O art. 143, n.º 3, citado pelo reclamante reporta-se, essencialmente, ao(s) momento(s) em que os actos devem ser praticados, sendo que a circunstância de as alegações serem apresentadas na secretaria do tribunal, em nada tolhe o regime das notificações a considerar. É que, uma coisa é o tempo e o local da prática do acto, outra, é o modo de efectuar a notificação entre as partes, in casu entre mandatários, não decorrendo daquele preceito, a obrigatoriedade das secretarias procederem à notificação às partes das alegações ou contra-alegações de recurso.

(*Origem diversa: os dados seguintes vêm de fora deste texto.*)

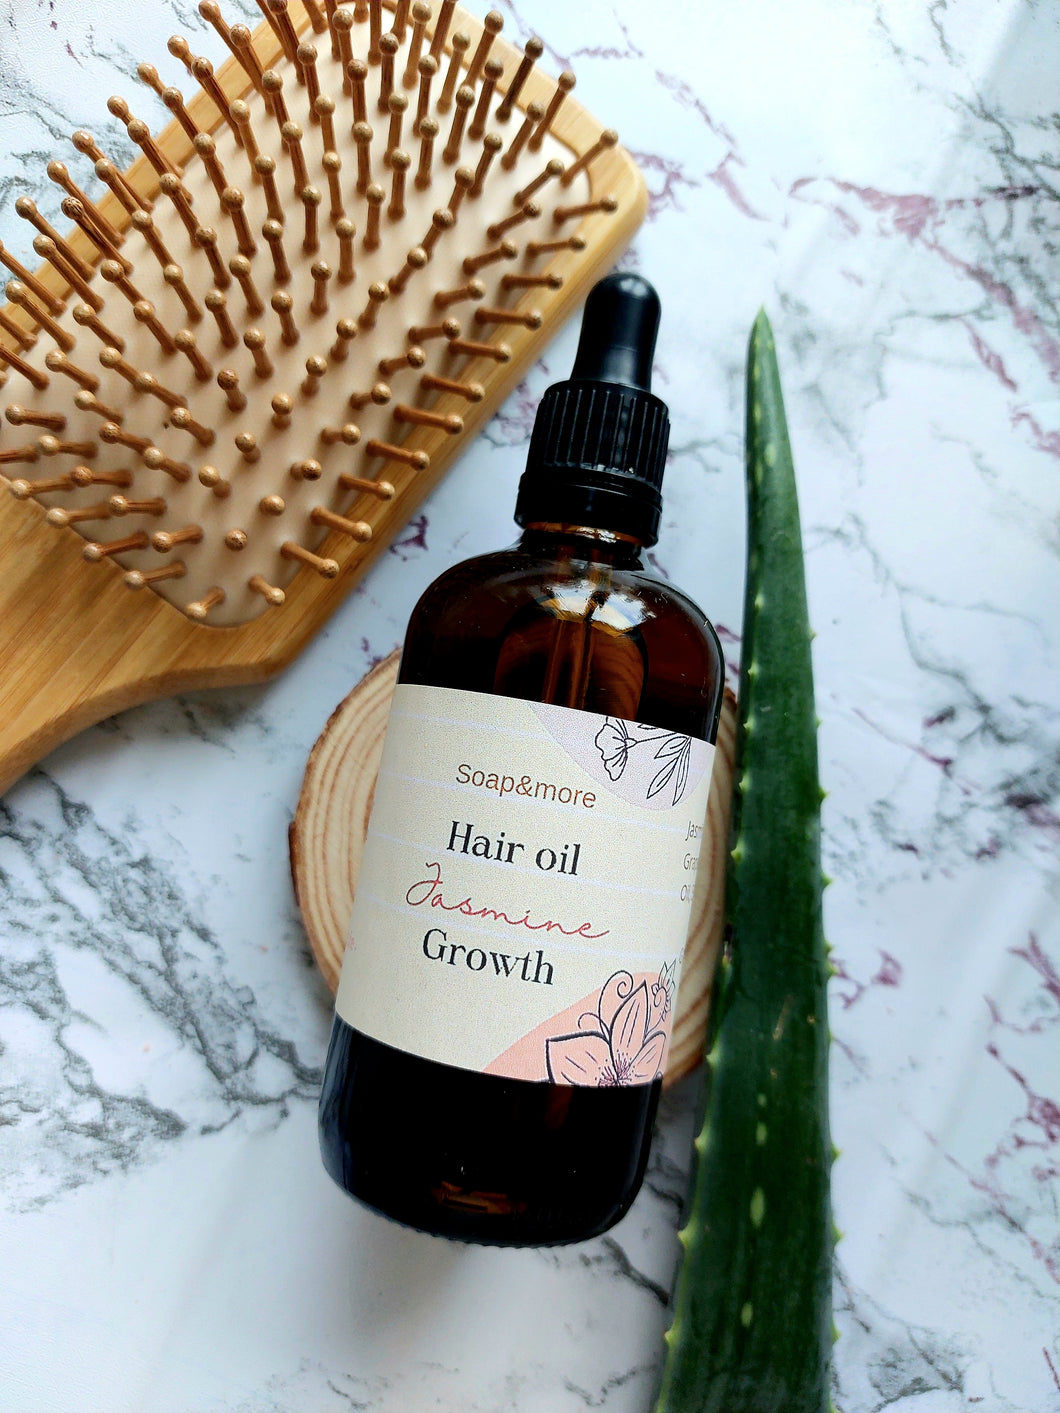 Jasmine hair oil (Growth) 50ml
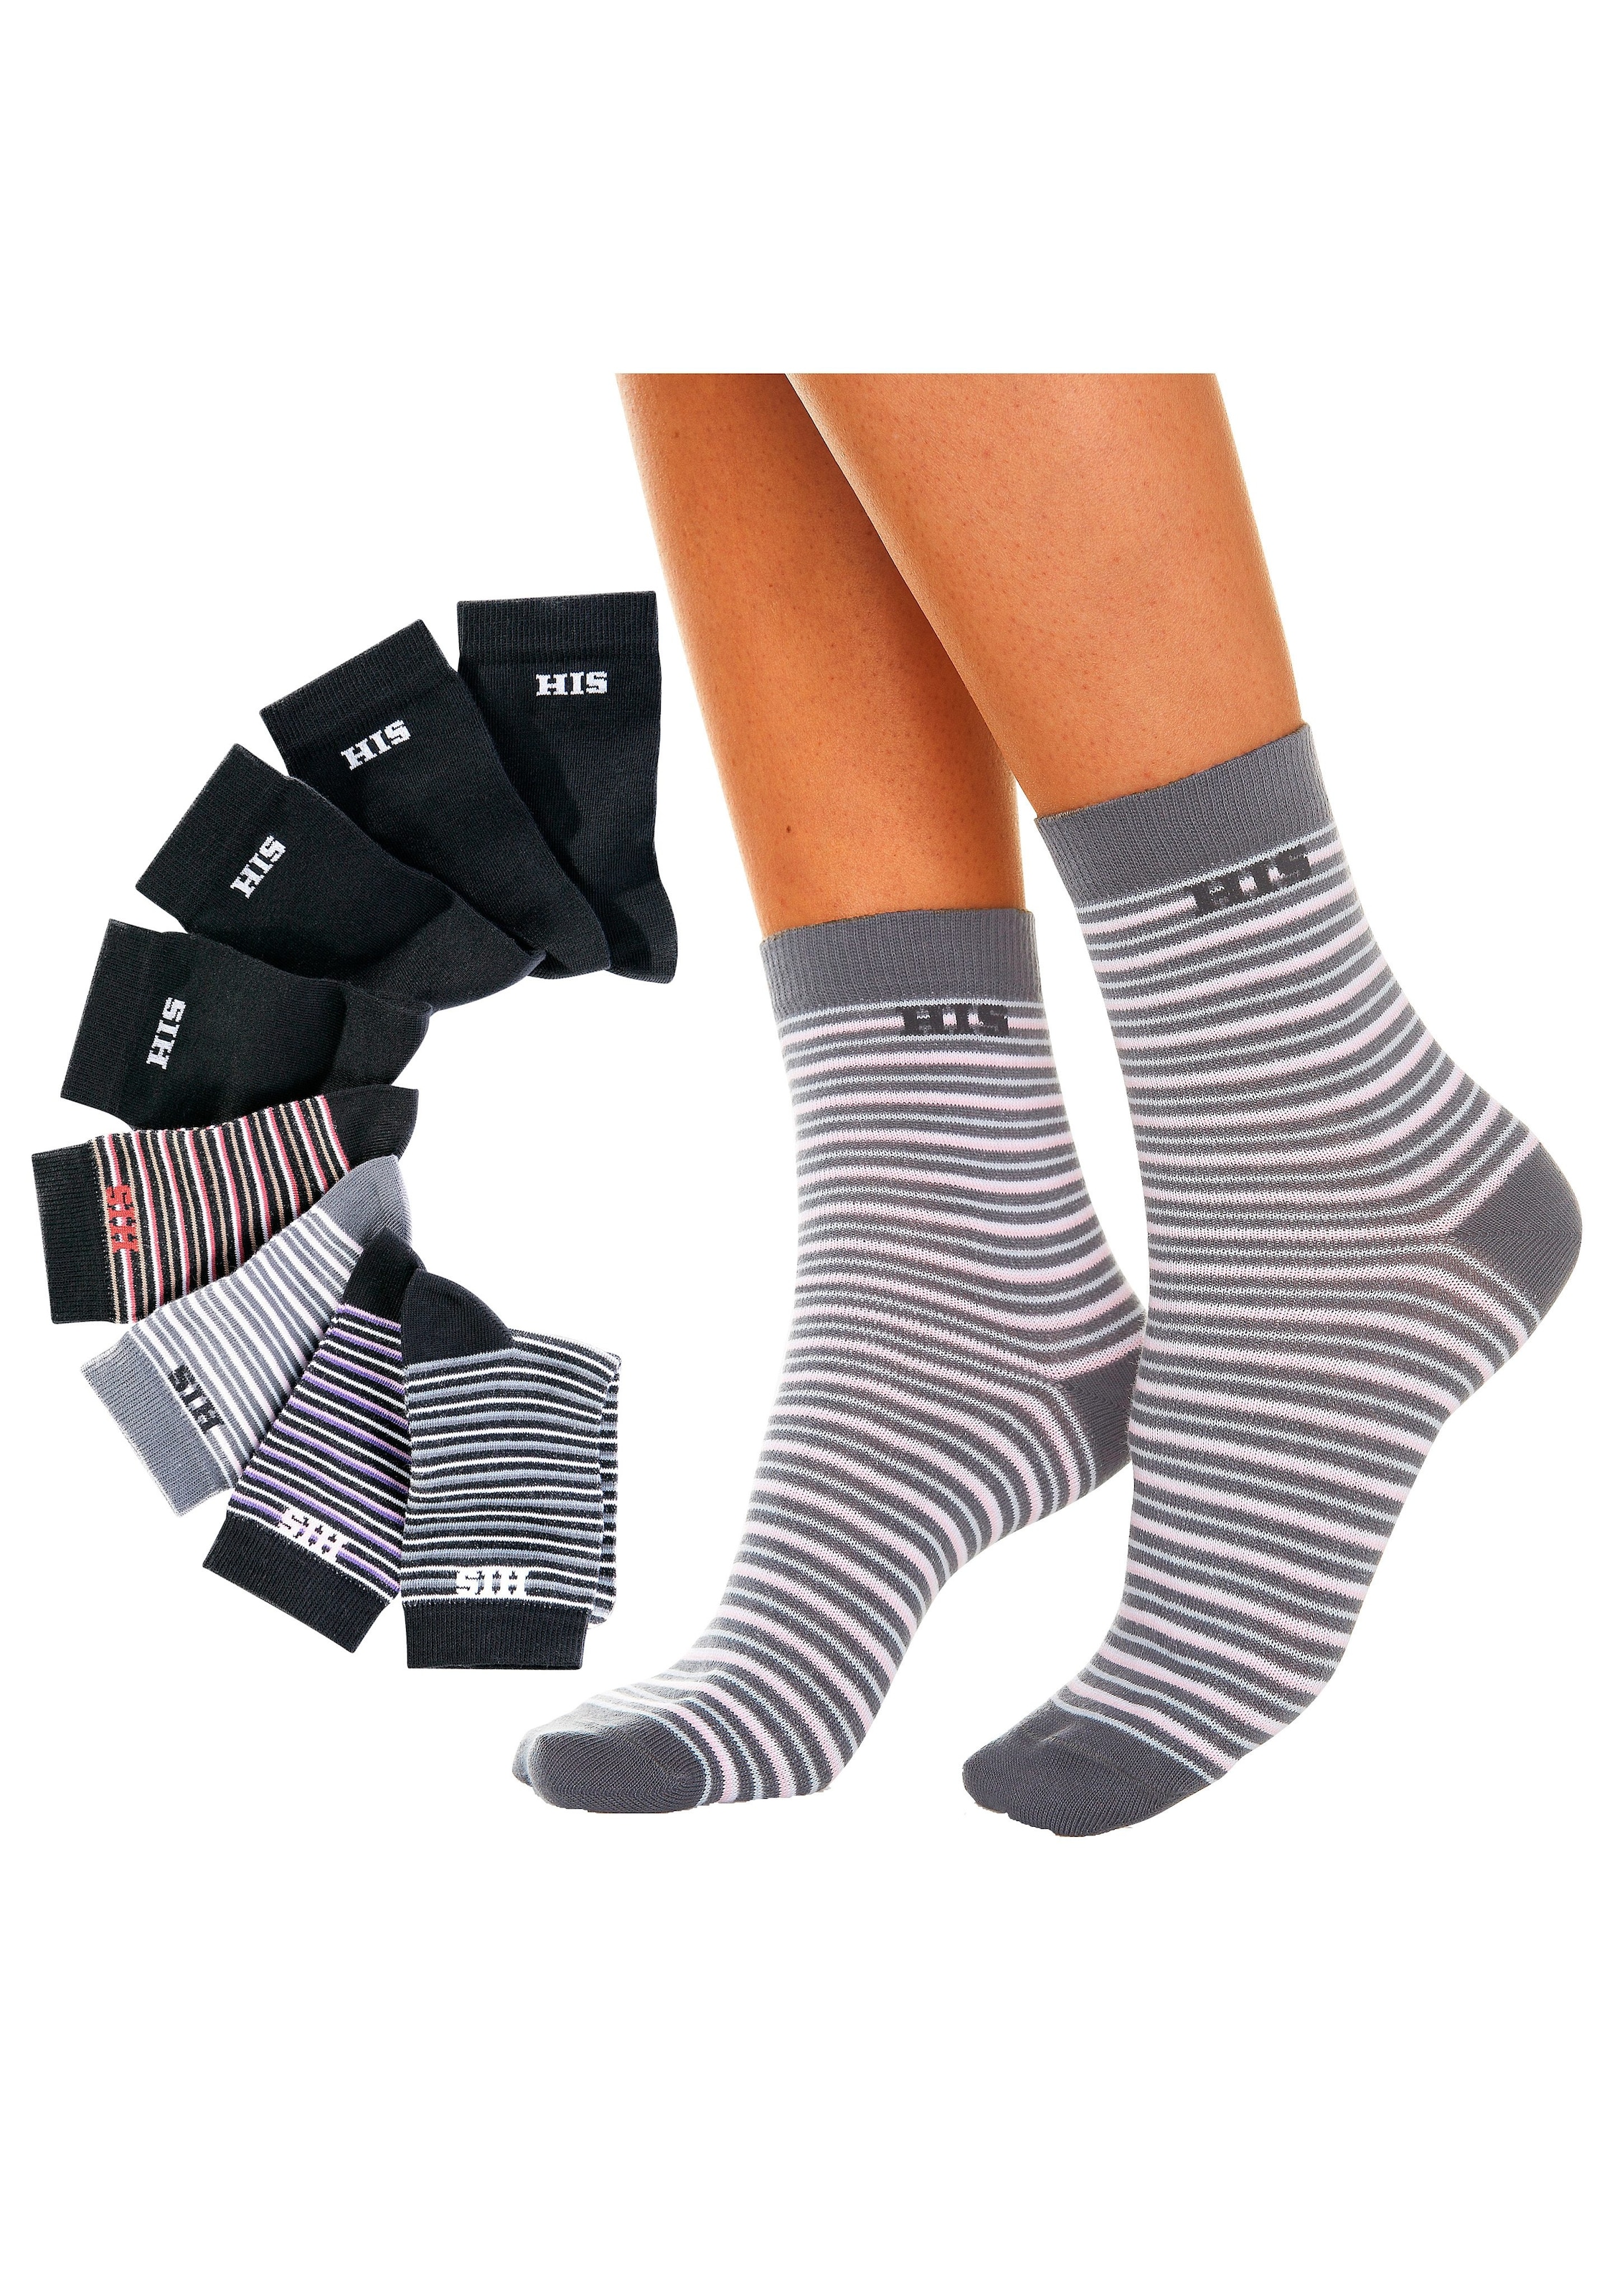 H.I.S Socken, (Set, walking I\'m | 8 unifarben kaufen geringelt Paar), und

Deste modo, se a letra da lei é o ponto de partida e simultaneamente o limite da interpretação, na fixação do sentido e alcance da lei, o intérprete não deve cingir-se à sua letra (art. 9 do Código Civil), devendo, antes, deitar mão a elementos lógicos (onde se contam o racional, histórico e sistemático) a fim de poder realizar a tarefa de interligação e valoração que necessariamente excede o domínio literal.[3][4]

Tendo sido o principal objectivo do legislador, quando introduziu a referida alteração ao processo civil, como se viu, libertar e desonerar os tribunais dos actos que pudessem ser praticados pelas partes a seguir à notificação ao autor da contestação, não faria qualquer sentido que o mesmo tivesse deixado de fora desse novo regime de simplificação e celeridade, as alegações e contra-alegações de recurso. Seria reduzir enormemente o sentido e o alcance dos normativos em causa, esvaziando-os, em grande parte, do seu sentido útil.[5]

Acresce, como já antes o afirmámos, que estamos a considerar actos das partes que devem ser necessariamente praticados por advogados, pois nos recursos é obrigatória a constituição de mandatário (art. 32, n.º 2, alínea c)), carecendo, também por isso de sentido, que as alegações e as contra-alegações, ficassem excluídos desse novo regime de notificações.

Assim, à semelhança do que se entendeu no Acórdão do Supremo Tribunal de Justiça de 05.05.2005[6], quando o art. 229-A fala em requerimentos autónomos, tal conceito deve ser interpretado em termos amplos, abrangendo as alegações e contra-alegações de recurso, cuja admissibilidade não depende de apreciação judicial e que nenhuma razão justifica serem excluídos do novo regime.
“Requerimentos autónomos em sentido amplo eis, por conseguinte, aquele mínimo de correspondência verbal … em que pode ancorar-se a interpretação teleológica do art. 229-A.”

Entendo, pelo que fica dito, que o Exmo. Advogado deveria comprovar nos autos, a observância dos artigos 229-A e 260-A.

_______________________________________________________
[1] Serão deste diploma, todas as referências normativas sem menção específica.
[2] Cfr. Alberto dos Reis, Comentário ao Código de Processo Civil, Coimbra, Volume II, pág. 103.
[3] I Galvão Telles, Introdução ao Estudo do Direito, Vol.I, reimpressão, pág. 245.
[4] Oliveira Ascensão, O Direito, Introdução e Teoria Geral, 11.ª Edição, Almedina, 2001, pág. 329.
[5] Cfr. Lopes do Rego, Comentários ao Código de Processo Civil, Almedina, I Vol. pág. 209 e também Amâncio Ferreira, Manual dos Recursos em Processo Civil, Almedina, 7.ª Edição, pág. 201.
[6] Em sentido idêntico, entre outros, os Acórdãos do STJ de 26.02.2004. e de 30.09.2004 , bem como o recente acórdão desta Relação do Porto de 11.06.2007.